Now of course this very small  passage contains several rich (to use one of John Franklin's favourite words) and evocative phrases, and I don't want to gloss over the myriad of subtle and multilayered meanings. But...actually... I will, so if you want to avoid my bumbling wrestling with concepts that are at the very edge of human ability to explain them - or this human's abilities anyway - skip down now to the last paragraph of this post. God breathed into the creature God had just made from dust and the result was a nephesh, a soul. To put it another way,  the Spirit of the one from whom all things derive was placed into a being formed within the time/space continuum and the result of this was the existence of nephesh. So nephesh is, according to this one verse,  that which arises when pure consciousness is manifested in the world of form and substance.Aha!

Now this was a helpful idea to me, because right there in the middle of  that big old church with the dignitaries of the Presbytry of Otago and Southland all around me I suddenly had a visual image of something which I have been struggling to explain to myself for a long time, namely the shape of my own fractured interior and what it is I am doing when I rise early in the morning and try as hard as I can to be still. I have (or, more accurately, I am ) a nephesh. This nephesh, because of the way I have been shaped and because of the way I have interacted with the world over 60 something years is fractured and scattered and the variously divided; seemingly unrelated bits and pieces of it are what interact with the world around me, and with other people. But the divided up parts aren't ultimately fragmented.
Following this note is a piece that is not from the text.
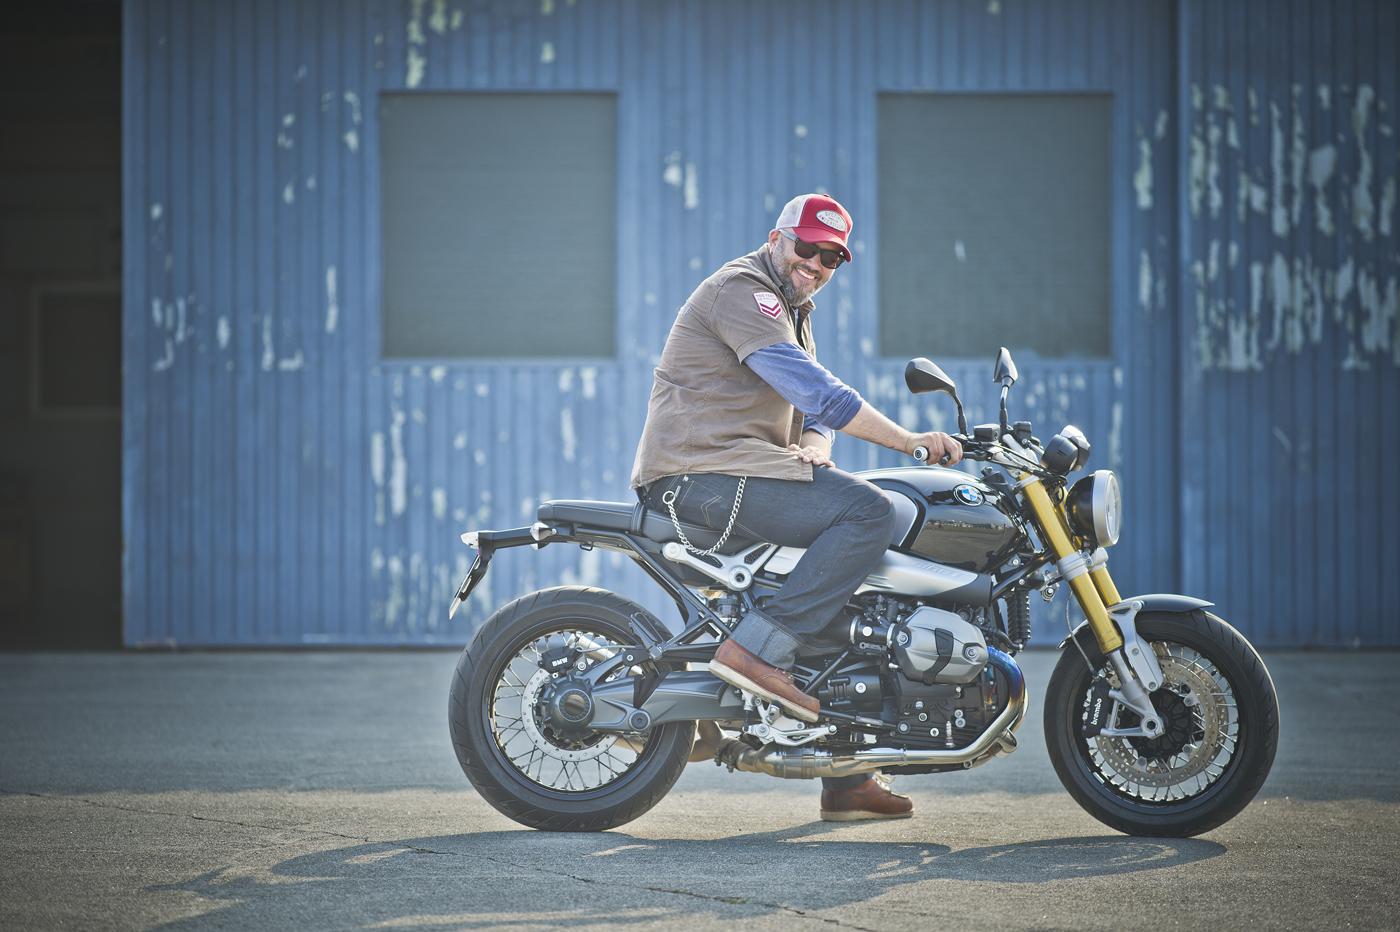 A BMW Motorrad design főnöke az eredeti BMW-n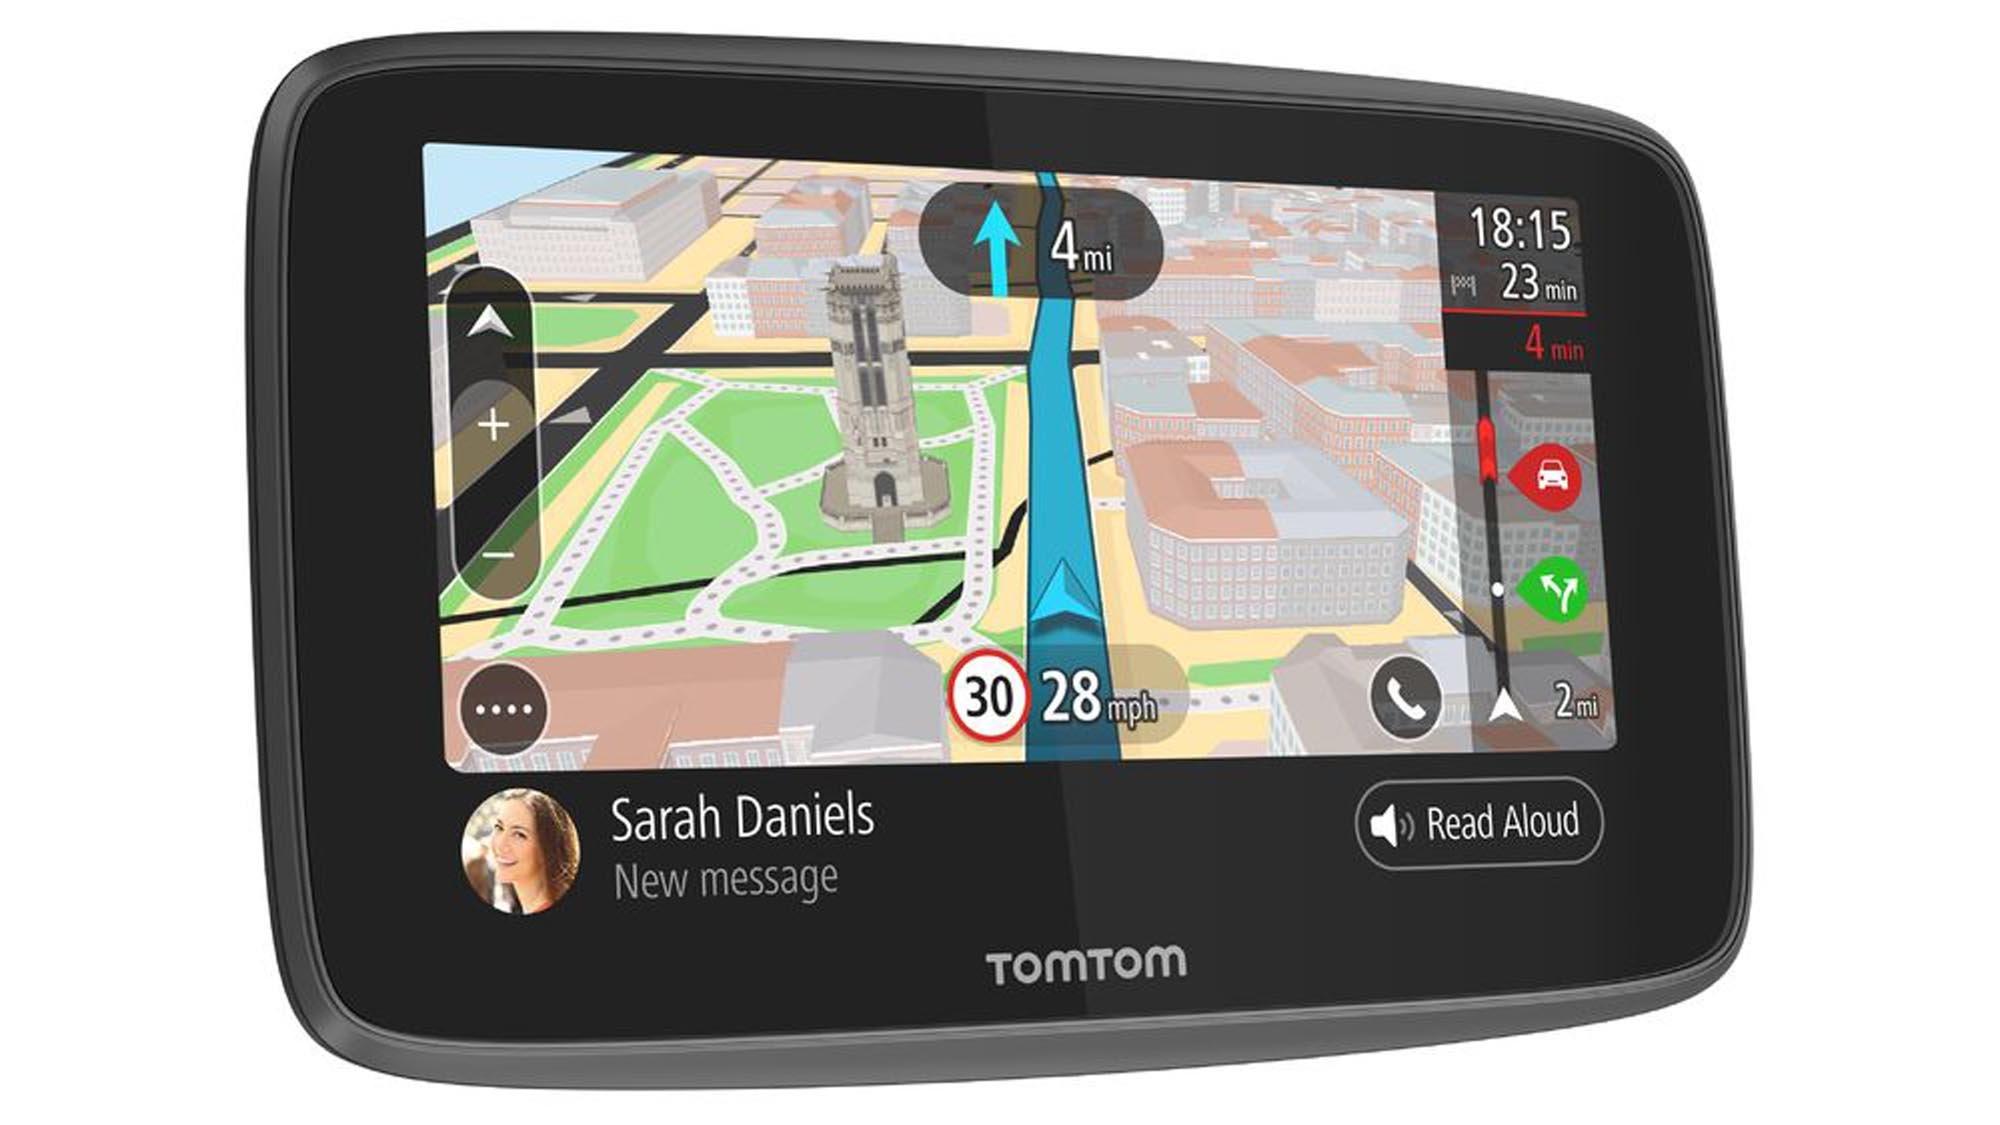 Tomtom Tracker Wiring Diagram

They have a point of union, in the same way that the branches of a tree have a point of union in the trunk of the tree: the undivided nephesh. When I wrap my old black cloak around myself and sit on my little prayer stool and say my holy word, I am intending to move from the divided branches inwards and downwards to their meeting point in the trunk. I am seeking to dwell, for a short time anyway, in the undivided nephesh which lies at the centre of my being. And I am wishing to dwell there not so much because that is some sort of final destination, but because it is the path, actually the only path, to what lies within and below it, deeper still, and one with it: that ground which is, says Meister Eckhart, my ground and God's ground. In silence I intend to locate myself in pure awareness which is, like God, no-thing.

Following the induction there was the usual cup of tea  and a chance to talk to a few of the many people I knew. I drove home glad to have been there: glad for Knox, for Kerry and for the hearing of John's lovely phrase. I woke early this morning and took my seat all the more easily for having heard it.